The research builds on the university's earlier discovery that PAX genes, important in embryonic development, also allow cancer cells to grow and divide in adult tissue.
The world-first research in 2003, led by Otago researcher Prof Michael Eccles, found proteins from one or more of the nine PAX genes were present in many common cancers.
By "silencing" the gene expression of PAX2 in ovarian and bladder cancer cells, and of PAX3 in melanoma, the researchers found the cancer cells rapidly died out.
The latest findings, published in the British journal, Oncogene, showed that silencing the gene also had a dramatic effect on tumour cells, but through a different mechanism.
The researchers silenced the gene after identifying high levels of PAX8 proteins in most kidney, ovarian and thyroid cancers.

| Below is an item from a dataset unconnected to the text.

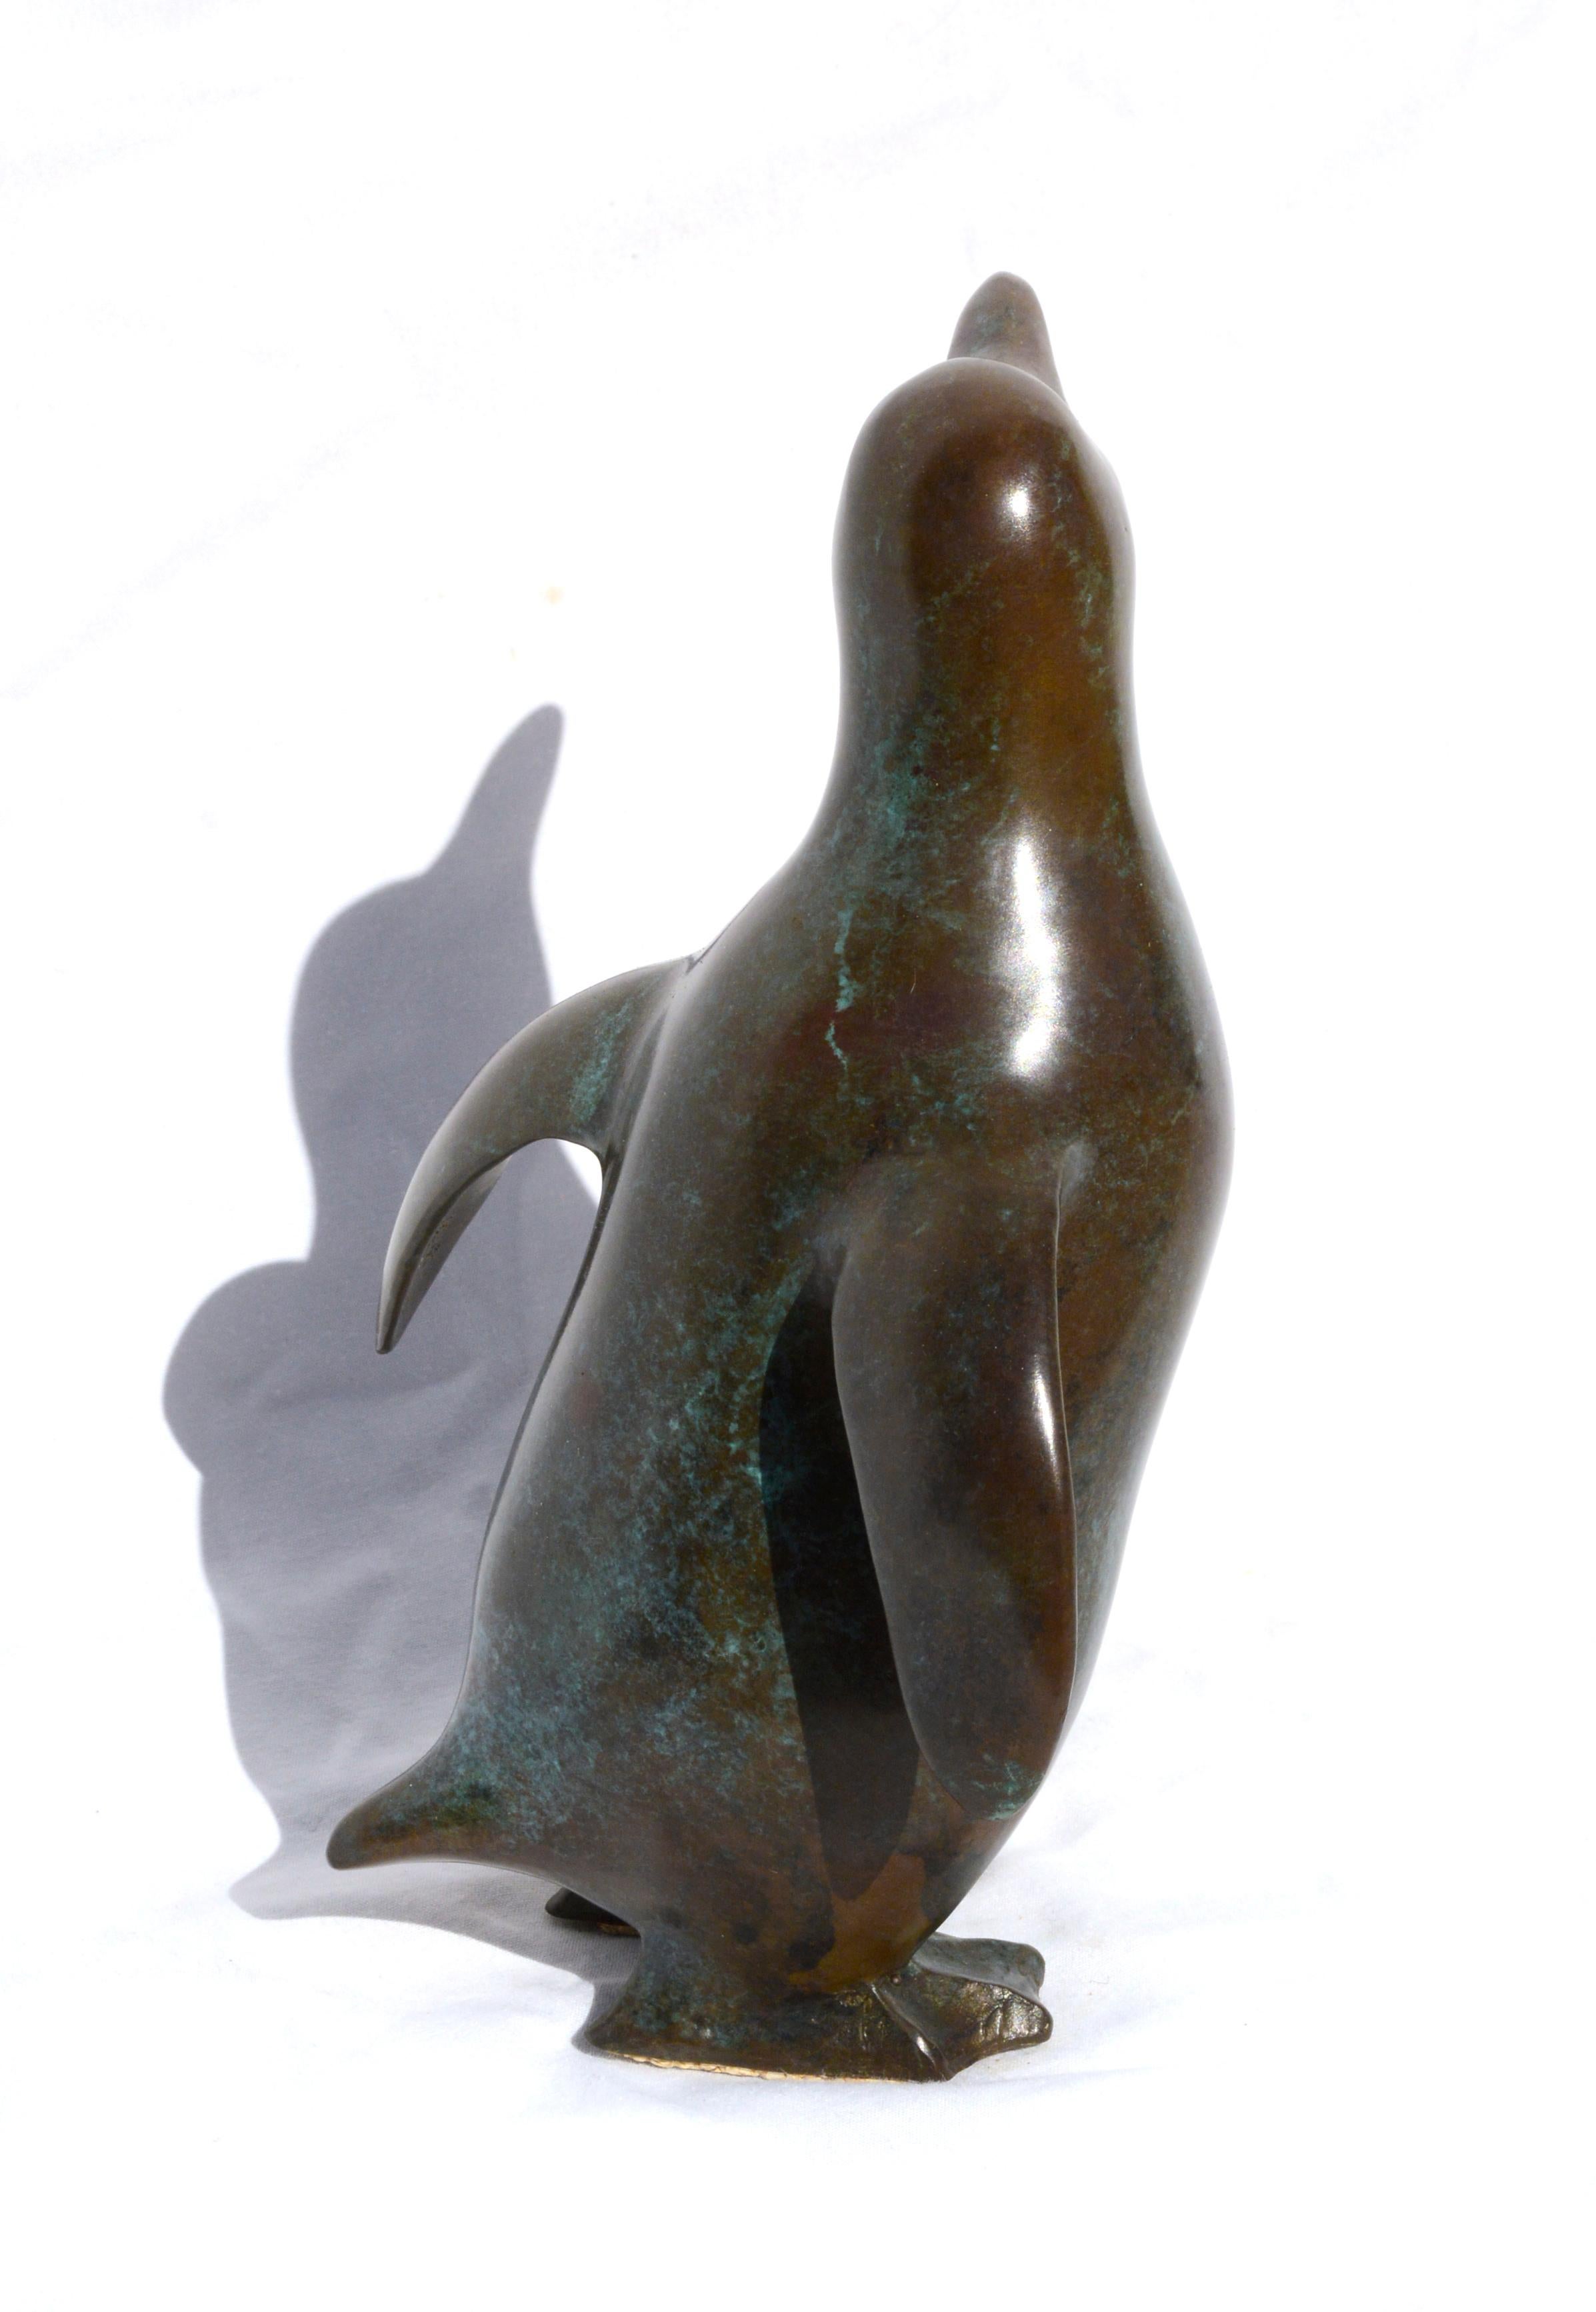 Penguin Sculpture #14 of 50 by Winston Carmean for the Cousteau Foundation Rare 1

"The cells were essentially stopped in their tracks through the failure of multiple mechanisms and pathways crucial to their cell division cycle," Prof Eccles said.
The cells then stopped dividing and ultimately died.
"It was surprising and it was exciting," he said of the research.
An "unexpected windfall" of the research was in clarifying the important role played by the PAX8 gene in cancer development, he said.
The Otago study was expected to attract international scientific interest and could further encourage the creation of a new diagnostic test for the presence of PAX8 in the blood or tissue, something which could occur within two to three years.
That could provide earlier detection of certain cancers, he said.
In the longer term, perhaps five to 10 years, a potential new anti-cancer therapy could be developed by disabling PAX8, Prof Eccles said.
"In the meantime this research helps confirm that a focus on PAX genes may prove to be a fruitful line of attack against a number of cancers," he said.
Funded by the Health Research Council of New Zealand, the research was carried out by Otago PhD graduate Caiyun (Grace) Li, now a postdoctoral fellow at Stanford University, and with co-authors Prof Antony Braithwaite and master's student Jen Nyman.